First, the date of the Notice is not necessarily the docketing date. The transferee court docketed the case on September 6, 2013, because that is the "Date Filed" listed at the top of the transferee Court's docket, and the "Case transferred in" date in the docket. Also, the transferee court entered a "Case Scheduling Order" on September 6, 2013 indicating a filing date of September 6, 2013, assigning a district judge, ordering alternative dispute resolution, and scheduling a case management conference. It is therefore beyond dispute that the case was docketed on or before that date. The Notice was just that: a notice that the case had been (past tense) transferred in. The date of the notice is not relevant to the date of transfer, except that the transfer must logically have occurred some time before the notice issued. It is the date the docket is created that defines when the case has been "docketed." Here, that date is clearly September 6, 2013. If the Clerk had never issued a separate notice, either by mistake or by policy, that would of course not mean the case had never been transferred or docketed despite the existence of a docket, but that is a corollary of Plaintiff's theory.

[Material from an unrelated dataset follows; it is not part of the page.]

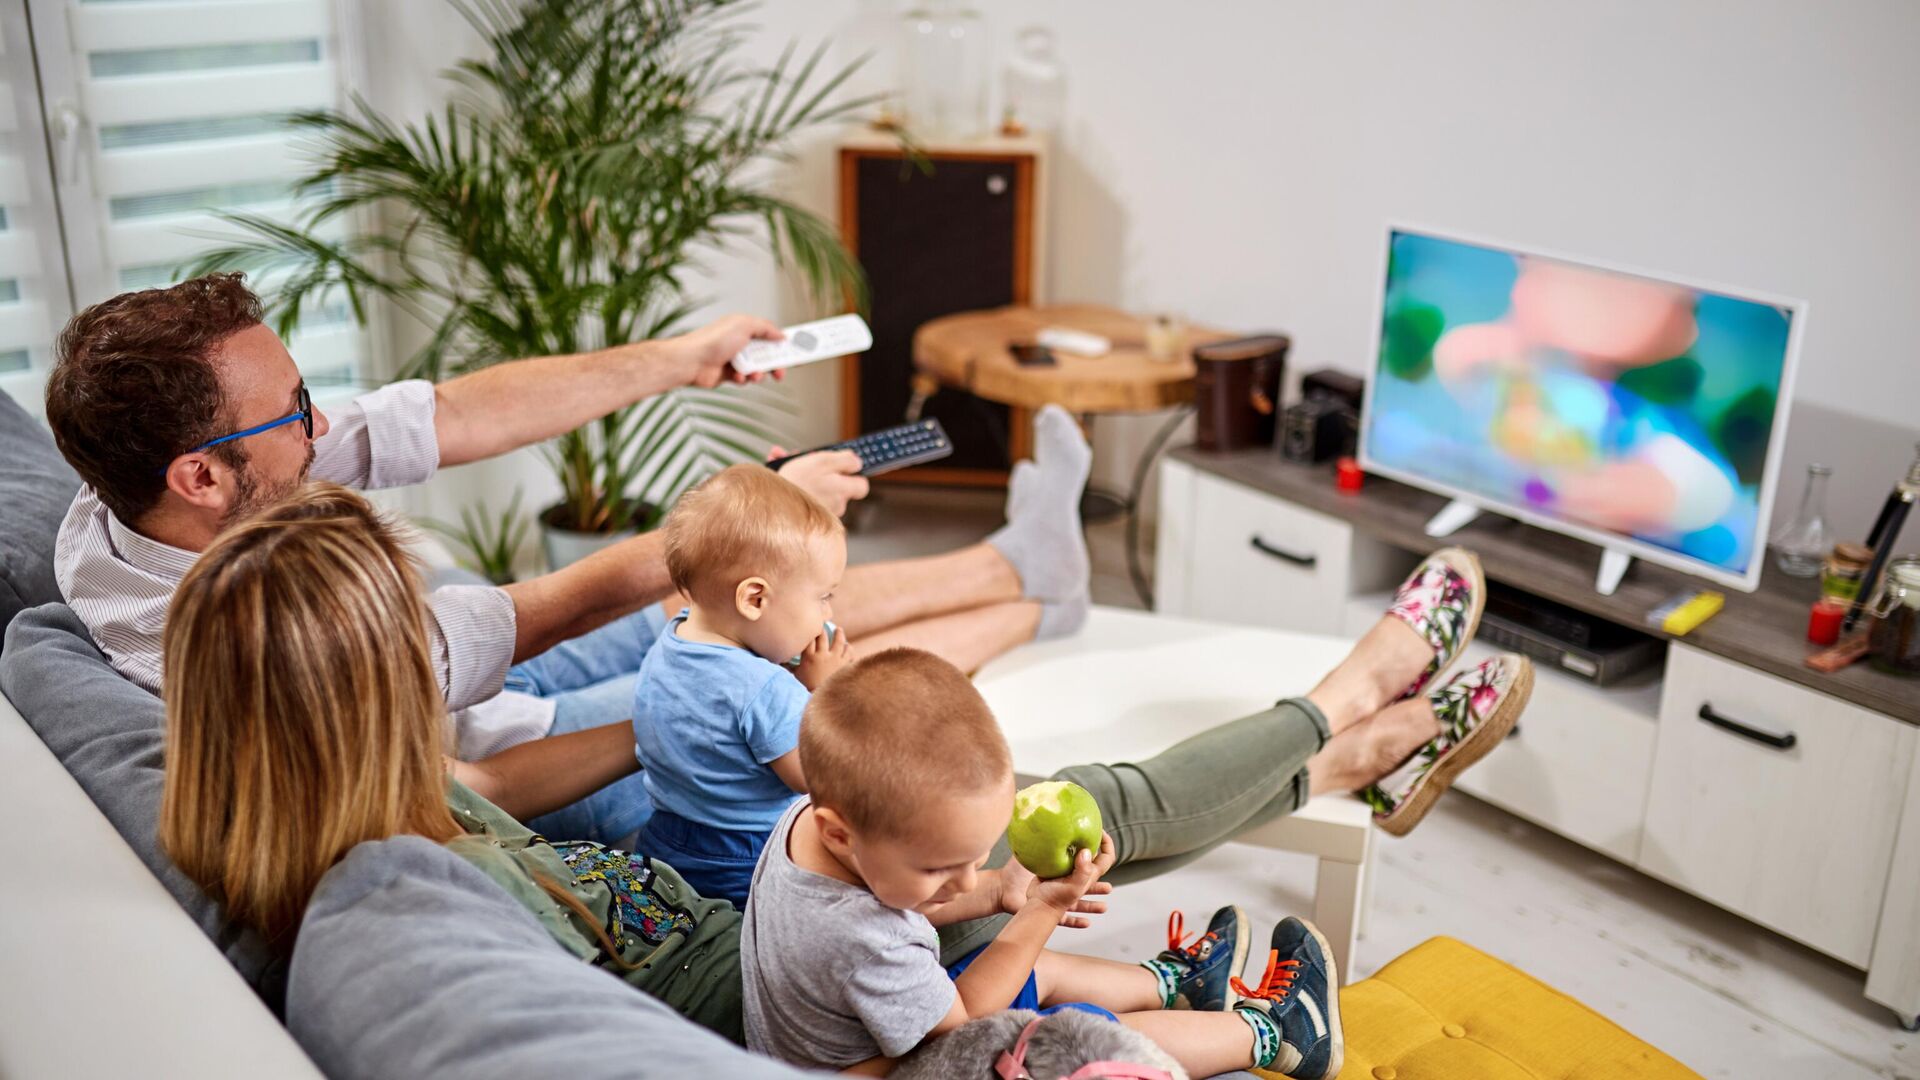 Громко смотрит телевизор. Семья у телевизора. Телевизор для детей. Человек смотрит телевизор. Семейный просмотр телевизора.

Second, even if the case had not been docketed by the transferee court until the very hour before the present Order issued, the Court would still lack jurisdiction. The Court's jurisdiction to enter orders in a case is cut off upon the docketing of the case in the transferee court, regardless of when a motion asking the transferor court to take some action is filed. Plaintiff implies a rule according to which a transferor court would retain jurisdiction indefinitely over any motion filed in the transferor court before the transferee court docketed the action. Plaintiff cites as authority an unreported case from another court of this District, which in turn relies on no other authority. See Lens.com, Inc. v. 1-800 Contacts, Inc. No. 2:11-cv-918, 2012 WL 5839503, at *1 (D. Nev. Nov. 16, 2012). The Court respectfully disagrees. Such a rule would essentially imply the ability of one trial court to enter orders directly affecting the administration of a case properly pending in another trial court, a procedure the Court believes no appellate court would tolerate. Plaintiff has two avenues of relief at this stage: (1) petition the Court of Appeals for an extraordinary writ reversing this Court's transfer order; or (2) ask the transferee court to retransfer, and then petition the Court of Appeals for an extraordinary writ reversing that court's order if the motion to retransfer is denied. See Posnanski v. Gibney, 421 F.3d 977, 980-81 (9th Cir. 2005).
CONCLUSION
IT IS HEREBY ORDERED that the Motion to Reconsider (ECF No. 156) and the Motion to Shorten Time (ECF No. 155) are DENIED.
IT IS SO ORDERED.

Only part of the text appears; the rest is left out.